You may want to try;
update statistics for table t1
then your statement

Stefan Weideneder

unread,

Jul 25, 1998, 3:00:00 AM7/25/98

to Hung Phi

Hi,

your problem is not the sequential scan on table t1, but in almost
all cases the 1,000,000 sub-selects on the small table. I thought the
correlated sub-queries would be optimized a bit better in version 7.3
( as they are optimized in IDS/EPO earlier XPS - includes really a
"cool" optimizer ).

Because you know that there are just 50 rows to be updated, transform
your query in this way.

Schema:

for each row select t1.id INTO savedVal from t1, t2
where t1.id = t2.recid
update t1 set col1 = 'A', col2 = 0 where id = savedVal;
end foreach;

Okay, it looks as if you would need a programm. But the best way
I think is to use a temporary stored procedure.

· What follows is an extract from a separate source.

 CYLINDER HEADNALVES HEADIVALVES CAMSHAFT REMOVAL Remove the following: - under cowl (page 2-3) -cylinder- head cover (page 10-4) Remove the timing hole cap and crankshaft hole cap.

-------------------------- Detail --------------------------------
dbaccess yourdatabase - <<eof

BEGIN WORK; -- if you use transactions, put it in a transaction
CREATE PROCEDURE HungTemp()
DEFINE t1id_i INT; -- use the same datatype as for the t1 column

FOREACH SELECT t1.id INTO t1id_i FROM t1, t2 WHERE
t1.id = t2.recid
UPDATE t1 SET col1 = 'A', col2 = 0 WHERE id = t1id_i;
END FOREACH;
END PROCEDURE;

EXECUTE PROCEDURE HungTemp(); -- will execute the stored procedure
DROP PROCEDURE HungTemp();
COMMIT WORK;
eof
-----------------------------------------------------------------

The whole script should take about 50 * ( 5ms + 20ms ) + 400ms = 1.65sec

If the query will take longer than 2sec, then have a detailled look at
the sqexplain.out file of the optimizer.

dbaccess yourdatabase - <<eof
SET EXPLAIN ON;
SELECT t1.id FROM t1, t2 WHERE t1.id = t2.recid;
eof

The optimizer should start with table t2 and should continue
with t1.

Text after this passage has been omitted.